Mr. Perry and Brokers argue that the Court has federal-question
jurisdiction over this case because their motion to vacate "involves the
resolution of" federal issues. Dkt. 1 at 2. Ms. Wagner argues that the case
must be remanded because the operative pleading (her petition filed in state
court) is based solely on Indiana law and does not present any federal claim.
Dkt. 18 at 2. Therefore, she argues that "any effort to assert a defense to inject
a federal question does not transform what is plainly a state law claim into" a
federal one. Id.2
at Pages 4 - 5 of the SDInd Order
In considering Defendants' arguments that a federal issue must be resolved, SDInd rejects that assertion [Ed: footnote omitted]:
[H]ere, Mr. Perry and Brokers have not shown that the claims presented in
Ms. Wagner's petition cannot be resolved without reaching a federal issue.
Indeed, Mr. Perry and Brokers admit that the federal issue they rely on was
instead raised in their motion to vacate. Dkt. 24 at 2, 12. Therefore, unlike in
Grable, the federal question in this case is not "necessarily raise[d]" by Ms.
Wagner's state court petition. Grable, 545 U.S. at 314. Grable differs from the present case in its substantive claims as well.

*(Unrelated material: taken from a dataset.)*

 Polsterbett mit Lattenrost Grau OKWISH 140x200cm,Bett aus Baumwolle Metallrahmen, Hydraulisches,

The Court found federal jurisdiction existed in Grable because the plaintiff's
claim "centered on the action of a federal agency (IRS) and its compatibility
with a federal statute" and "its resolution was both dispositive of the case and
would be controlling in numerous other cases." Empire Healthchoice, 547 U.S.
at 700. The claims presented in Ms. Wagner's state court petition do not rely
on a federal law or challenge the action of a federal agency. Her award-
rendered by an independent arbitration panel interpretating a private
organization's rules-was based on the specific facts presented in a single case.

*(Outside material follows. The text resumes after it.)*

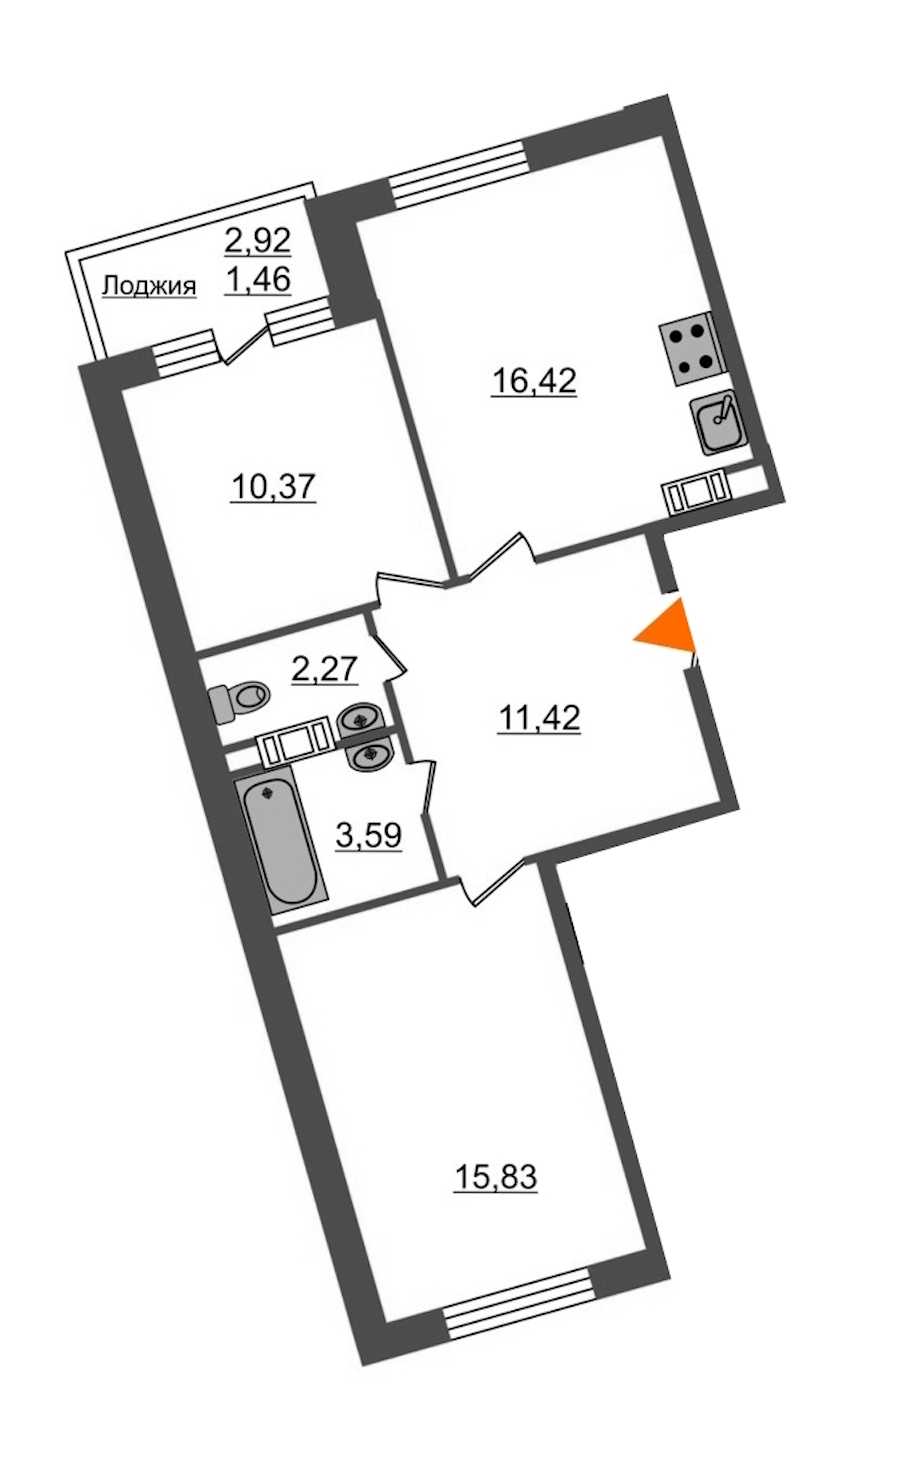 Двухкомнатная квартира в : площадь 61.36 м2 , этаж: 12 – купить в Санкт-Петербурге

These circumstances do not support the exercise of federal jurisdiction where
the plaintiff's claim is based solely on state law. See id. at 701 (finding Grable
jurisdiction not appropriate over an issue that was "fact-bound and situation-specific.").
at Pages 9 - 10 of the SDInd Order
In granting Wagner's Motion to Remand and denying without prejudice Perry and Brokers' Motion to Vacate the FINRA Arbitration Award, SDInd summed up its rationale:
The only way any federal issue possibly comes into play in this case
would be in evaluating Mr. Perry and Brokers' motion to vacate the arbitration
award. Therefore, this is not part of the "'special and small category' of cases
in which arising under jurisdiction still lies" over a plaintiff's state-law claim.

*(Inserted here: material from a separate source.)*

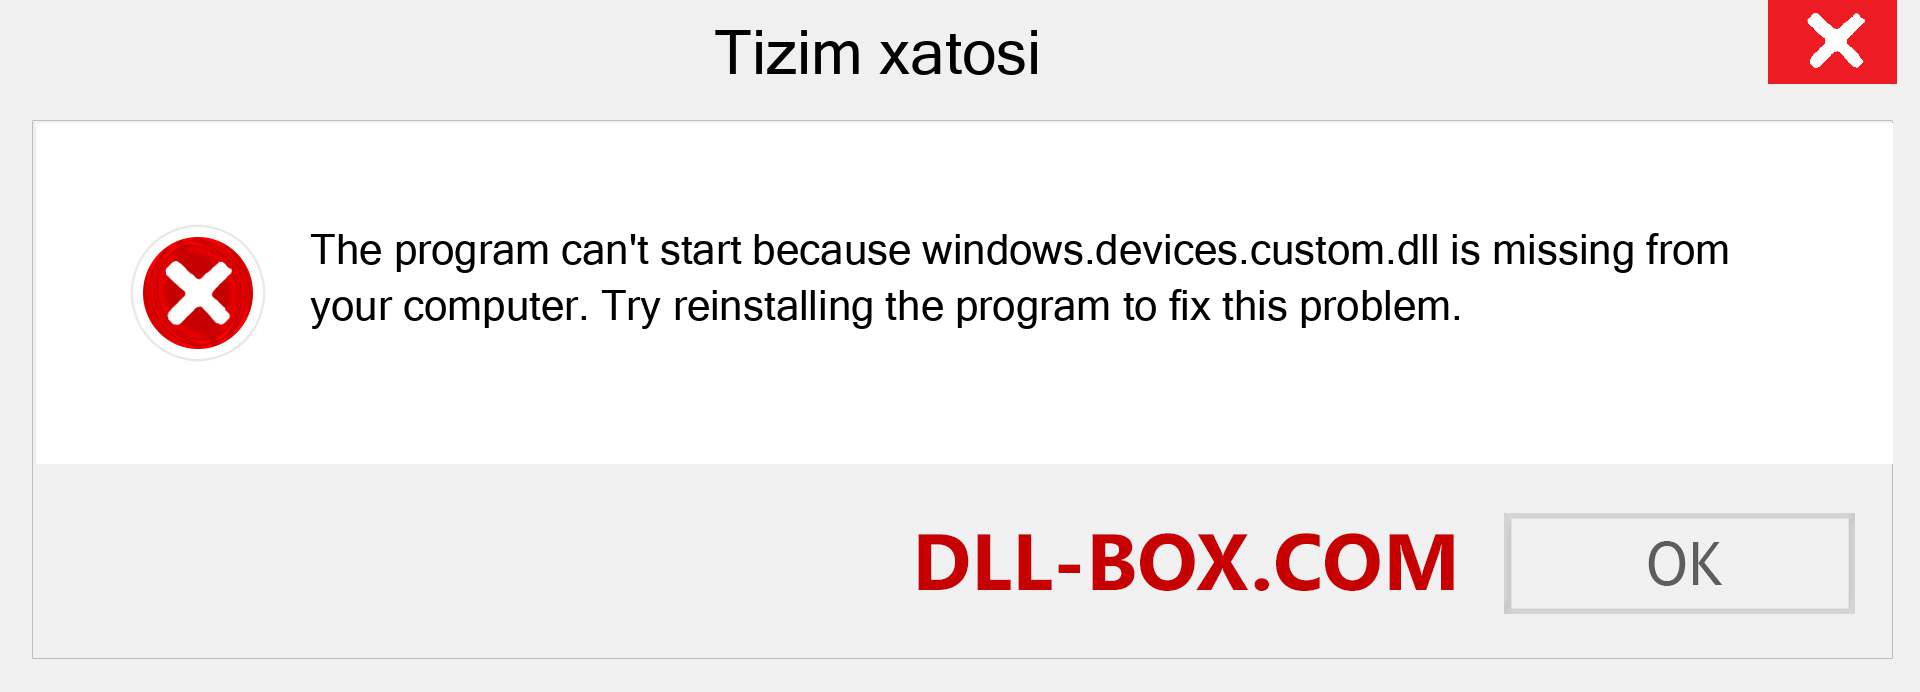 windows.devices.custom.dll fayli yo'qolganmi?. Windows 7, 8, 10 uchun yuklab olish - Windowsda windows.devices.custom dll etishmayotgan xatoni tuzating, rasmlar, rasmlar

Gunn, 568 U.S. at 258. The Court lacks subject-matter jurisdiction, and the
case must be remanded to state court. 28 U.S.C. § 1447(c).
at Page 10 of the SDInd Order
Bill Singer's Comment
Kudos to SDInd for getting it spot-on perfect: FINRA is nothing more than a "private, self-regulatory organization . . " FINRA is not a governmental actor. Although often characterized as a quasi-governmental actor, in truth, that's a stretch. Further, compliments to the Court for publishing a nice, tight, compelling Order. Well done all around!